Ben 2020 yılında yine Ekim ayında ekim yaptım. 2020 sonbaharında üç çiftçi ekim yaptı:

Ali Acar 14 dekarda Aşağıköy'de

Çiftçilerden biri Gökmaslı'da 4 dekarda, diğeri Geredeli'de 4 dekarda ekim yaptılar. İki çiftçi de ekim sırasında gübre kullandıkları için keteni yabani otları bastı. Tabii ki verim alamadılar.
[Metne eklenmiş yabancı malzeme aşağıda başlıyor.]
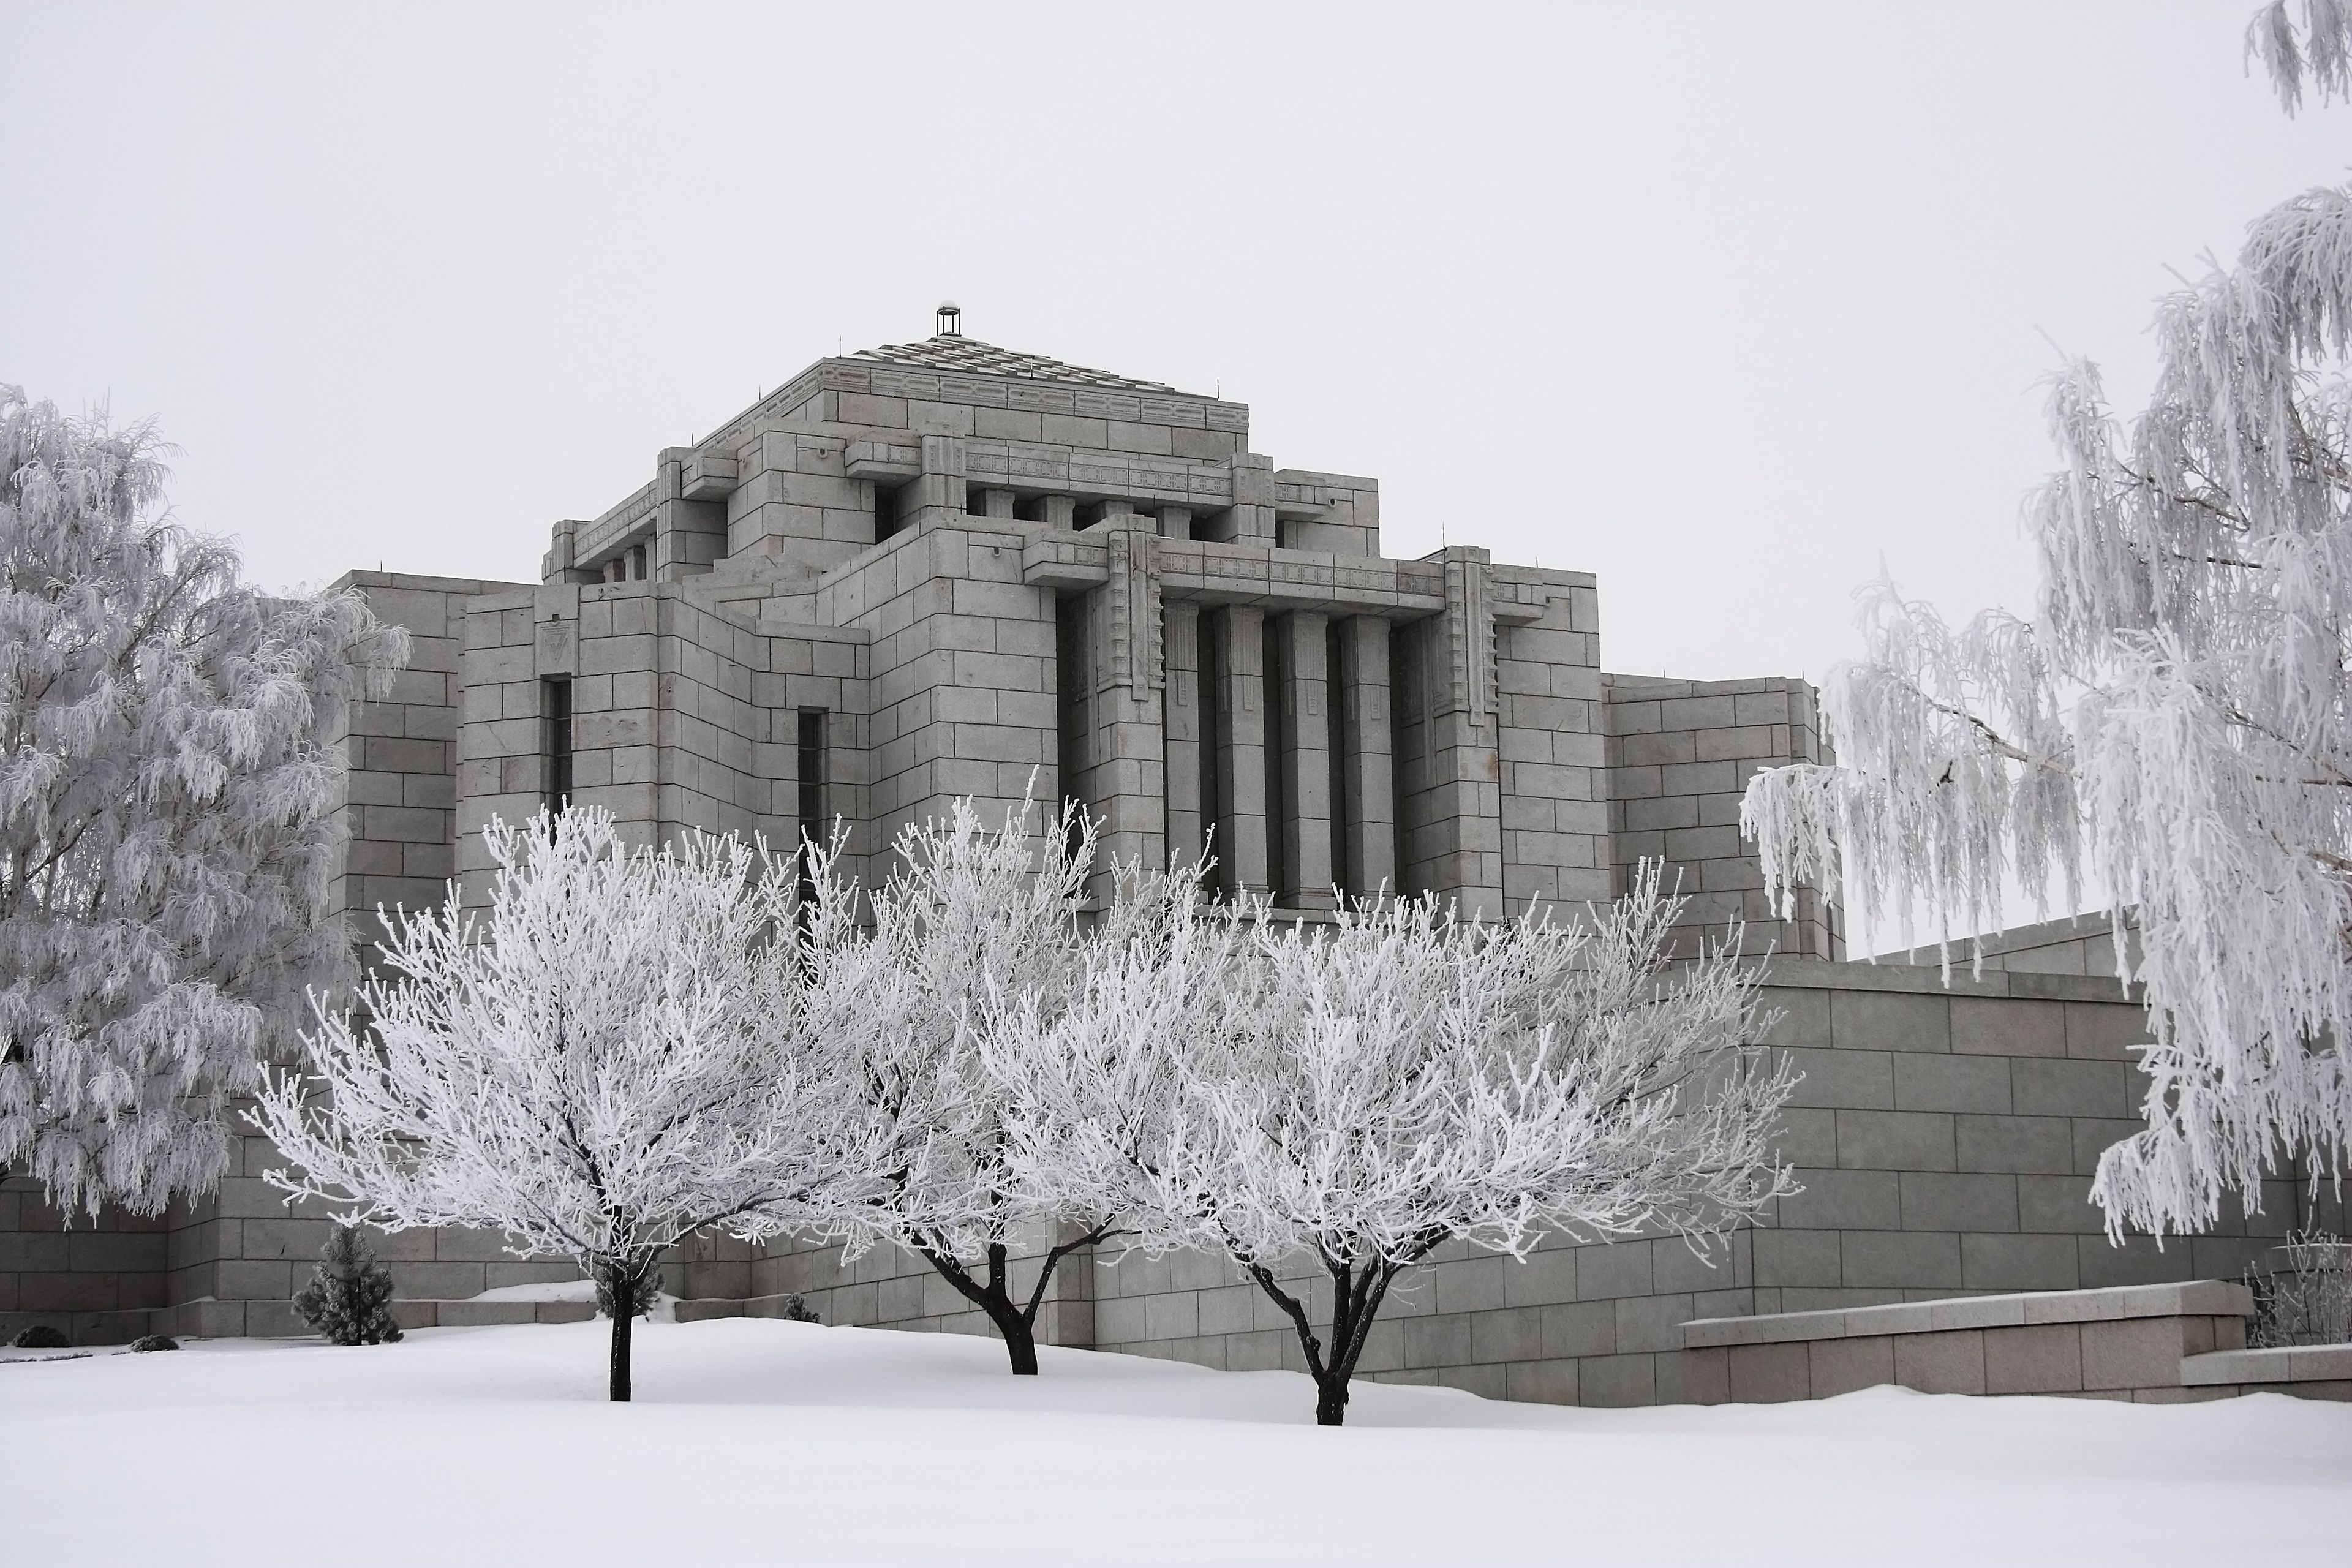 The Cardston Alberta Temple during winter, including the entrance and exterior of the temple.

2021 Ekim ayında İlçe Tarım Müdürlüğü İl Tarım ile birlikte "Keten yoksa Şile Bezi de Yok" ismiyle bir proje başlatıldı. Bu projenin asıl amacı: Ağva yöresinde keten elyafının üretilmesini sağlamak. Böylece keten tarımının yöredeki önü de açılmış olacak. Bu proje kapsamında Trakya Keten Enstitüsünden Dr. Metin Babaoğlu Ekim ayında Ağva'da keten konusuna ilgi duyan kişilere keten konulu bir sunum gerçekleştirdi. 2021 sonbahar ekimleri maalesef Kasım ayı içerisinde gerçekleştirildiği için benim ve diğer çiftçilerin keten tohumları yeşermedi. Ben Nisan ekimi yaptım ve Ağustos ayında hasat ettim. Büyük Bucaklı köyünde bir çiftçimiz de aynı durumu tecrübe etti. O da Nisan ekimi yaptı ve Eylül ayında keten bitkisini hasat etti. Bu dönem keten tarımı için verimsiz geçse de keten tohumu açısından verimli hasat oldu. Eylül 2022 de alınan keten tohumları, Ağva'da benim öncülüğümde Şubat 2022'de kurulan YıldızYolu Kadın Girişimi Üretim ve İşletme Kooperatifi tarafından İBB-GIZ ortak projesinin bir çıktısı olarak Halk Marketlerde satışı yapılacak. Ayrıca Çengilli köyünde bir çiftçimiz de 4 dekarda keten ekimi yapmıştır.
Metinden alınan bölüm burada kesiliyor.